Полная версия
Потому и сидим (сборник)
И, вот, однажды, управляющей дома извещает, что при возобновлении контракта повысит цену на пятьдесят процентов.
Посоветовавшись с Егором, решил я перебраться с квартиры, и через месяц жил уже на Петербургской Стороне. Новая квартира была значительно просторнее, дешевле, и все было бы хорошо, да к сожалению, Егор получил из Армавира письмо от больного сына, попросился в отпуск, уехал. И я остался один.
Вдруг, однажды, странная встреча.
Выхожу из партера в Мариинском театре к вешалкам. Только что кончилось «Лебединое озеро». Жду в сторонке, пока станет свободнее, так как не люблю толкотни. И вижу – знакомое лицо. Пристально смотрит на меня какая-то дама: глаза испуганные, на щеках бледность.
– Мсье Черняков?
– Да… Ах, это вы! Простите. Не узнал сразу.
– Да, да. Понимаю. На вашем месте, я бы тоже сделала вид, что не узнала. Но вы сами посудите, мсье Черняков: как мне было поступить с квартирой иначе?
Она умоляюще смотрела на меня, нерешительно пробуя улыбнуться, чтобы вызвать улыбку и на моем лице. Но я стоял, широко раскрыв глаза, ничего не соображая.
– А… в чем дело, сударыня?
– Вы меня спрашиваете – в чем? Воображаю, сколько раз вы посылали проклятия по моему адресу! Скажите только искренно: разве я, в конце концов, виновата? Не мой же дом, в самом деле! И те жильцы, которые передавали квартиру мне, тоже ничего не сказали… Кстати: как он себя вел?
– Кто, простите?
Виноватая улыбка, вдруг, сошла с лица собеседницы. Она пытливо посмотрела на меня, стараясь угадать – естественно мое изумление или нет. И тихо спросила:
– Ведь, вы же переехали оттуда, правда?
– Да.
– Вот то-то и оно. Впрочем… Все равно. Да, да. До свиданья. Муж ждет: получил манто… Всего хорошего, не сердитесь же!

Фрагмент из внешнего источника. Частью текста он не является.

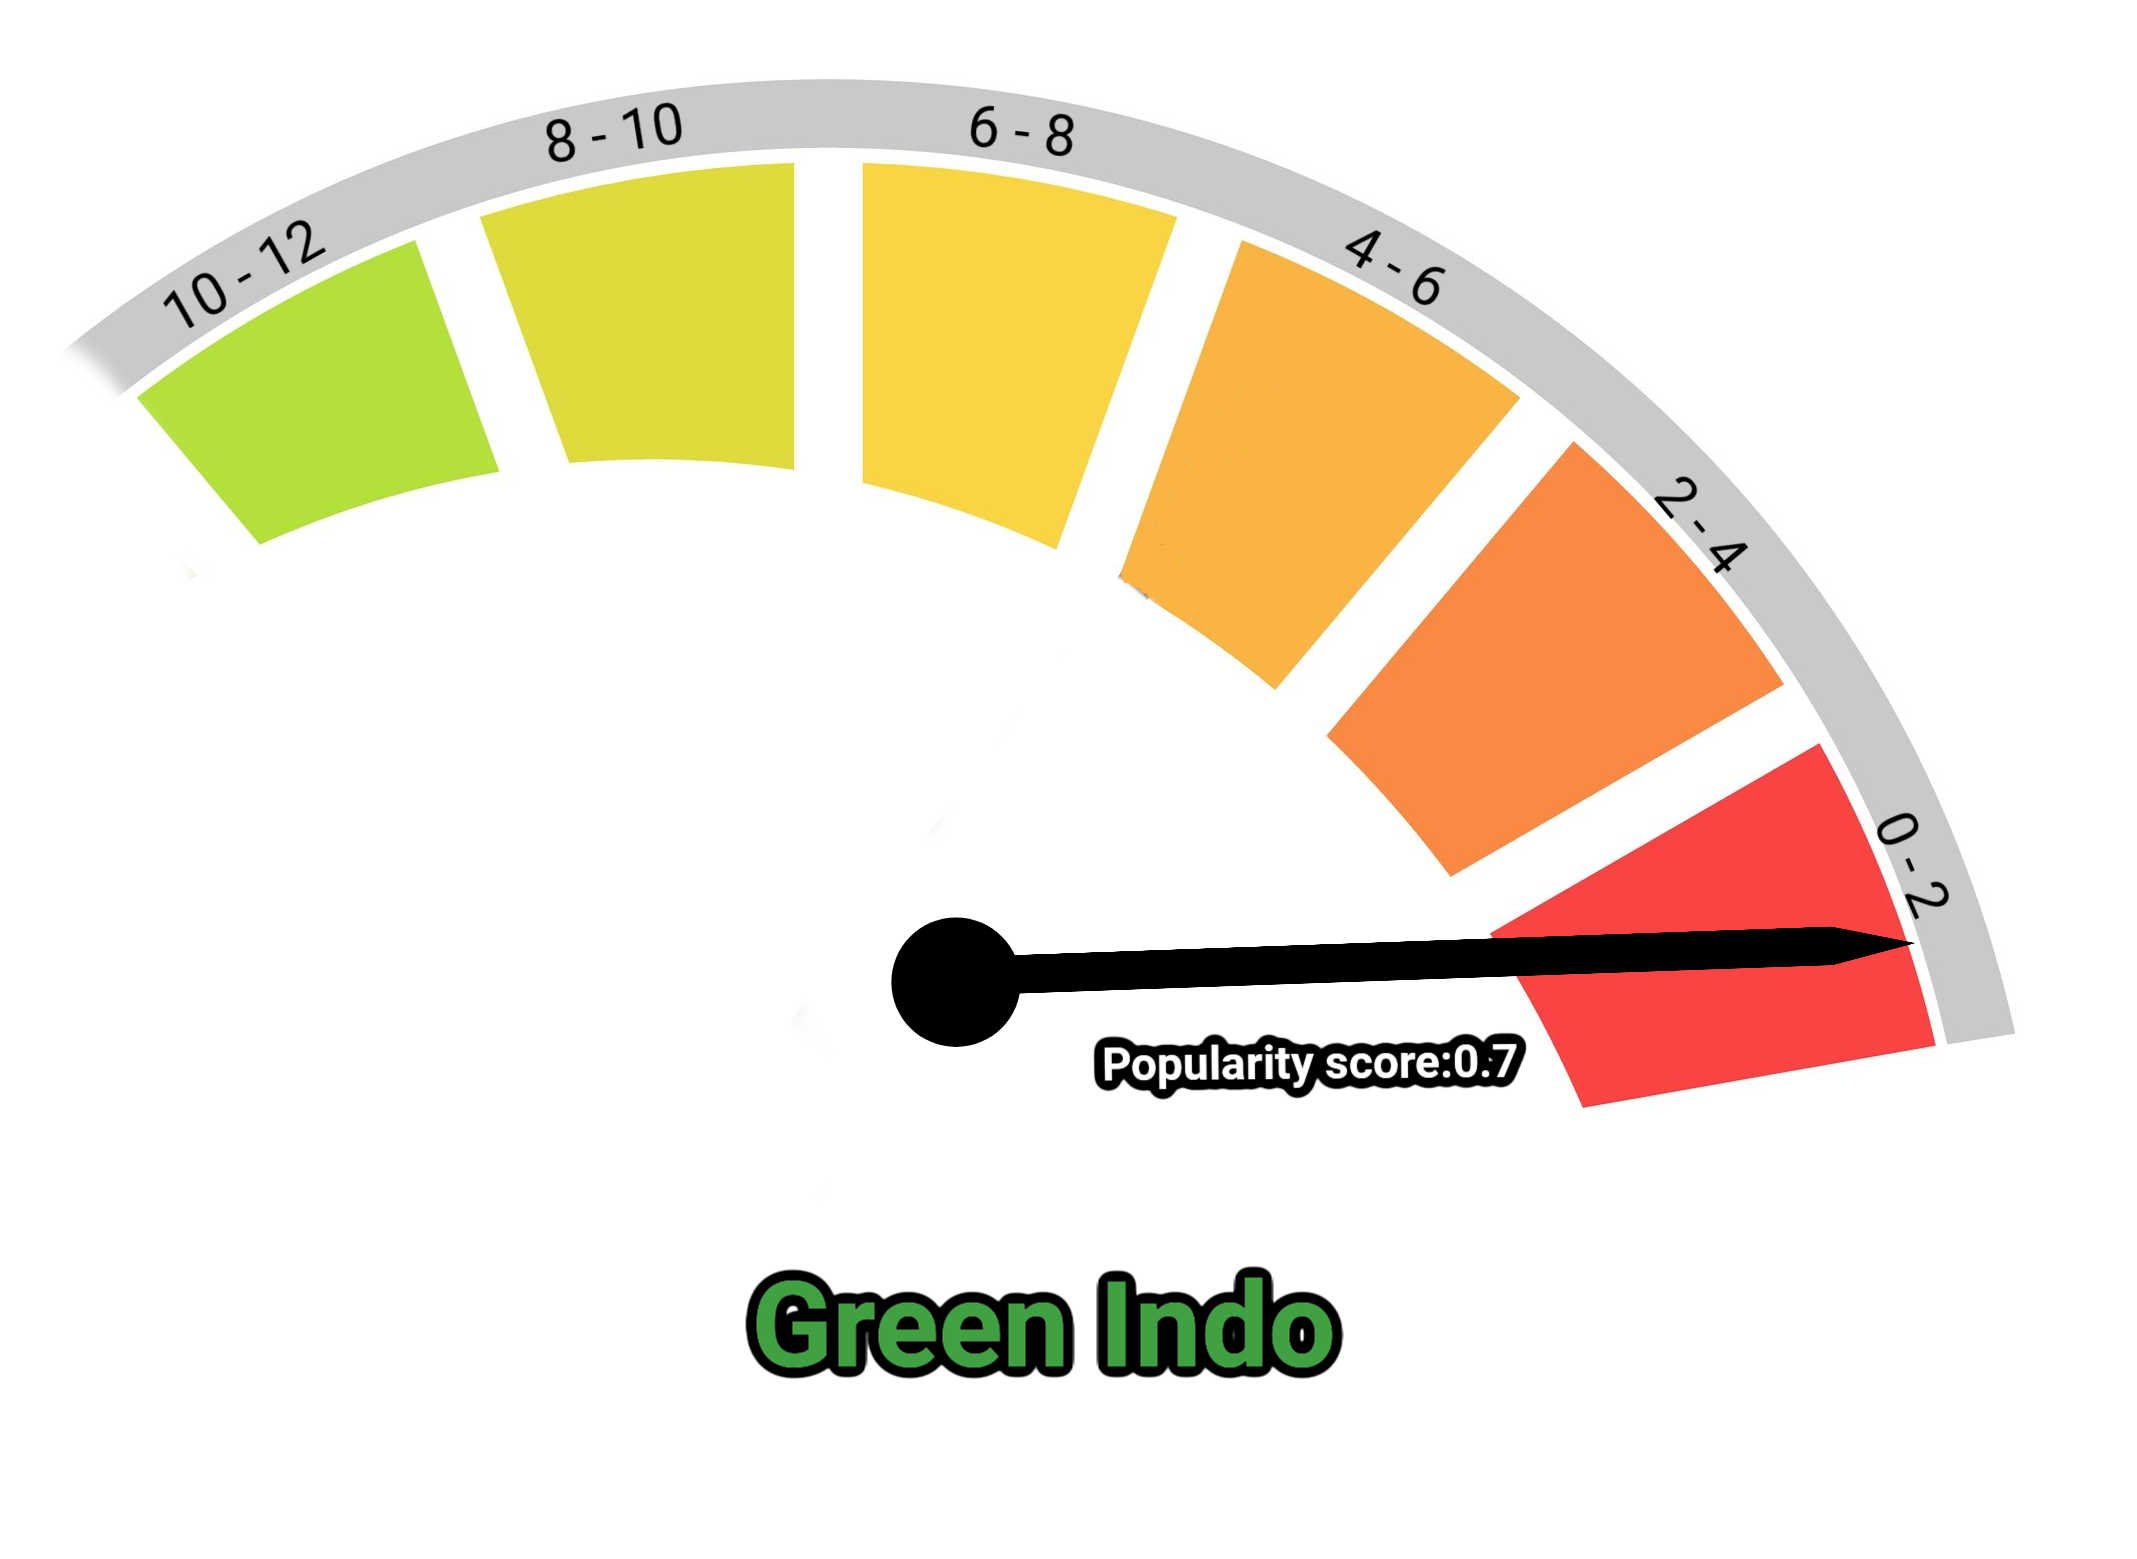 image of green indo kratom popularity score

Взволнованный, встревоженный, я вернулся домой под впечатлением встречи и, наспех поужинав, лег. Опустив на одеяло, взятое для чтения на ночь капитальное исследование Аксакова «Анимизм и спиритизм», я мучительно стал вспоминать, что было странного на моей старой квартире, перебрал все мелкие факты, все свои настроения… И, вдруг, наконец, радостно вспомнил:
Случай с Полугоревым! Да! Как это я не сообразил тогда?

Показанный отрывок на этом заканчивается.